Write the listing out again, exactly as it reads below.
*** DATA BLOCK Section Begins ***
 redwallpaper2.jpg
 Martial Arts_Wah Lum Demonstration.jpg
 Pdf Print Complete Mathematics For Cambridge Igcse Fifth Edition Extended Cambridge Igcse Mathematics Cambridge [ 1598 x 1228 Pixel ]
*** DATA BLOCK Section Ends ***
### EXERCISE RESPONSE
 redwallpaper2.jpg
 Martial Arts_Wah Lum Demonstration.jpg
 Pdf Print Complete Mathematics For Cambridge Igcse Fifth Edition Extended Cambridge Igcse Mathematics Cambridge [ 1598 x 1228 Pixel ]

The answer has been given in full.